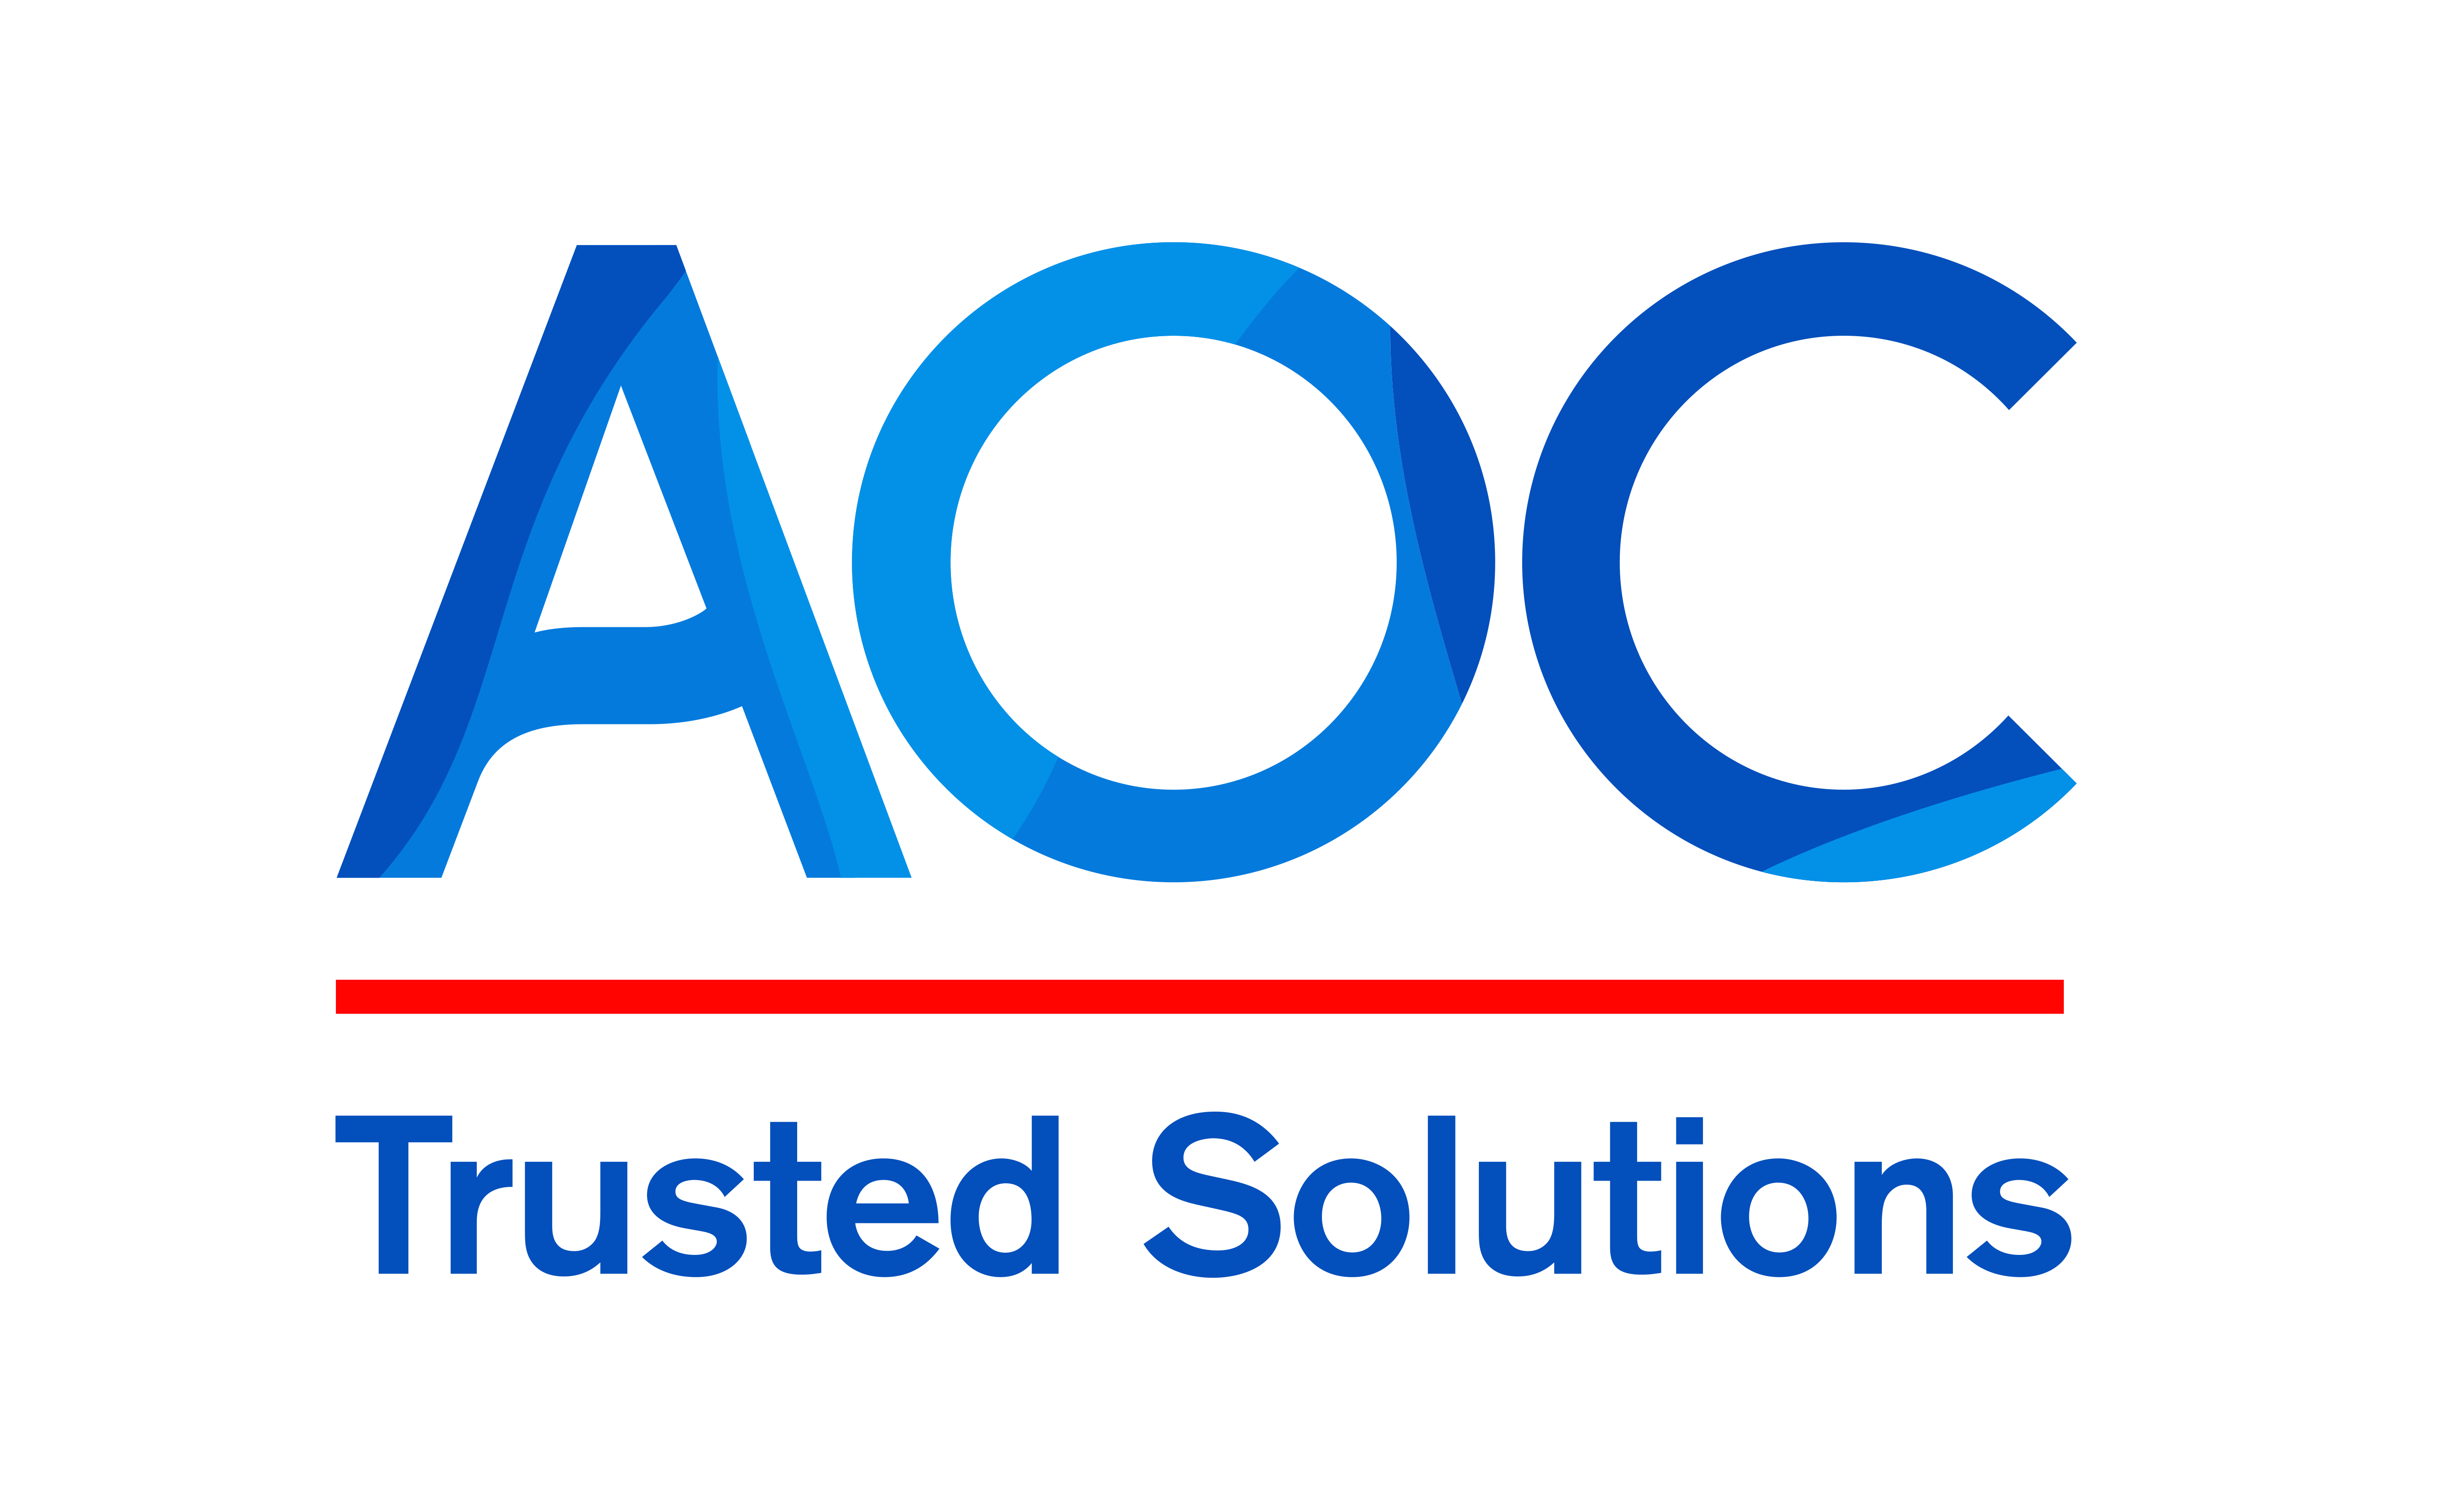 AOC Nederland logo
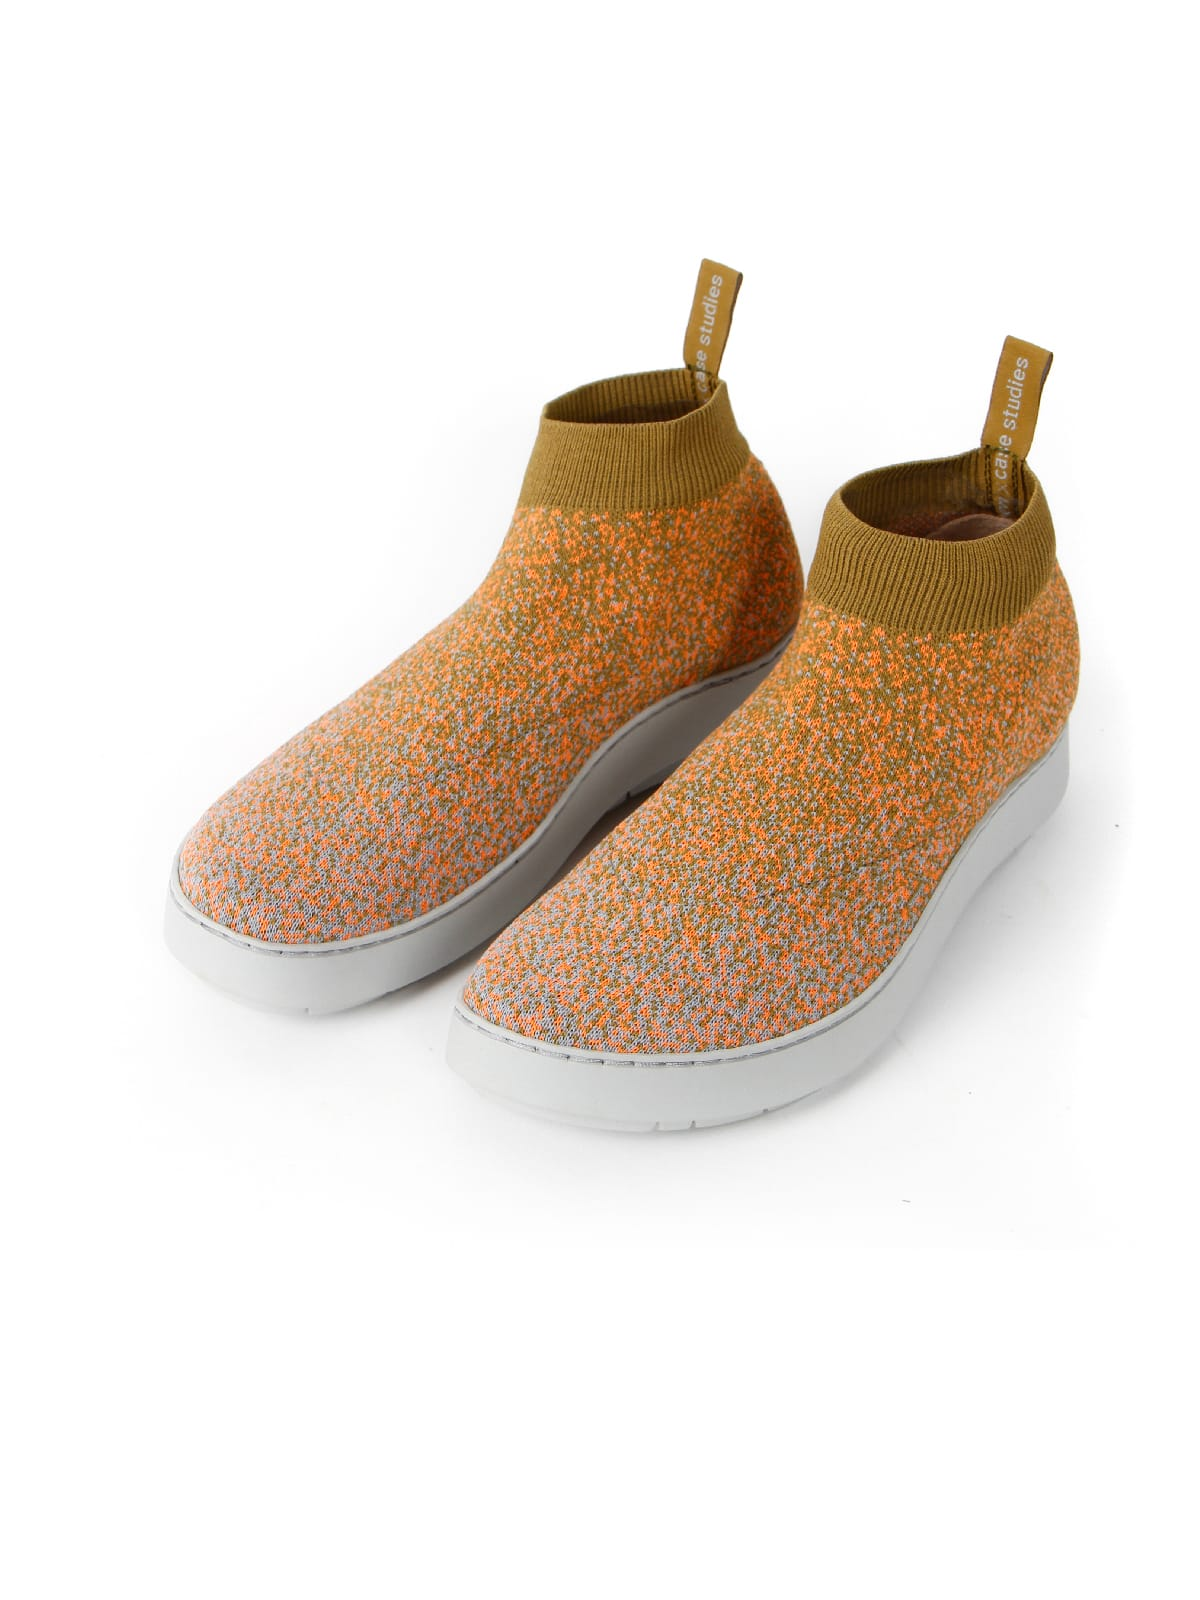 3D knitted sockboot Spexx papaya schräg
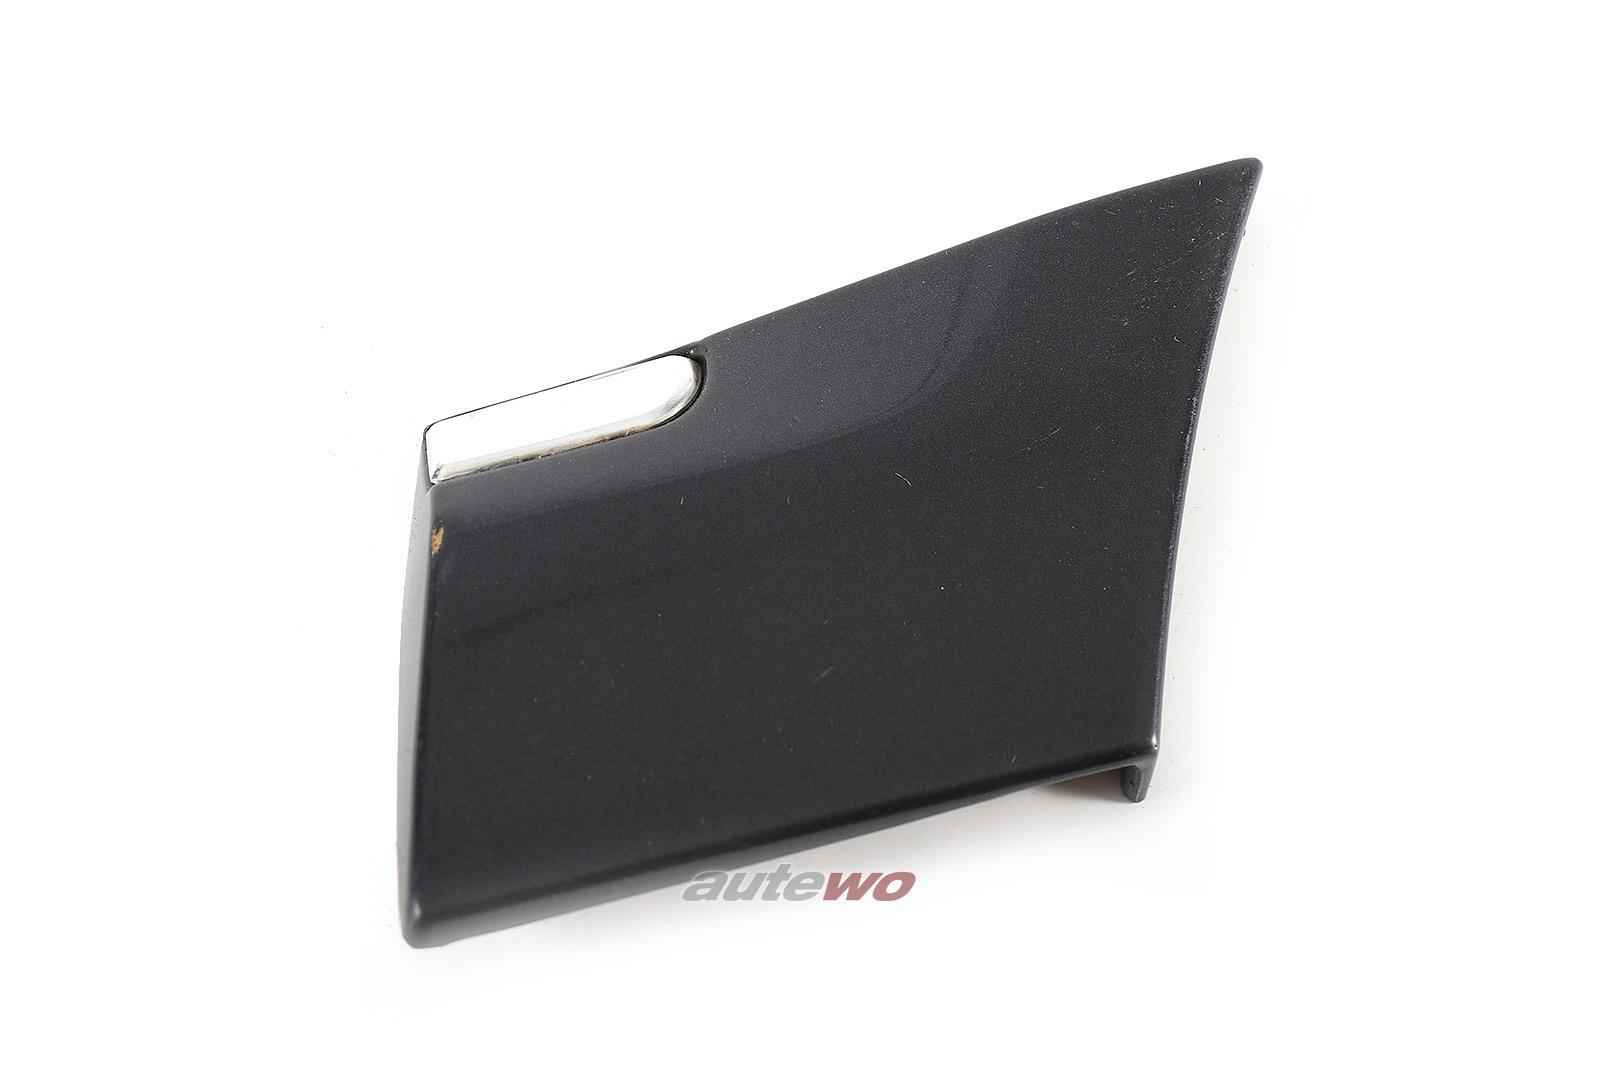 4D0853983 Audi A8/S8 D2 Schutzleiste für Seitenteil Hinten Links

○ ○ ○

### [Work to complete]
Output the listing above exactly, excluding all pictures.

### [Response below]
 AOC Nederland logo
 3D knitted sockboot Spexx papaya schräg
 4D0853983 Audi A8/S8 D2 Schutzleiste für Seitenteil Hinten Links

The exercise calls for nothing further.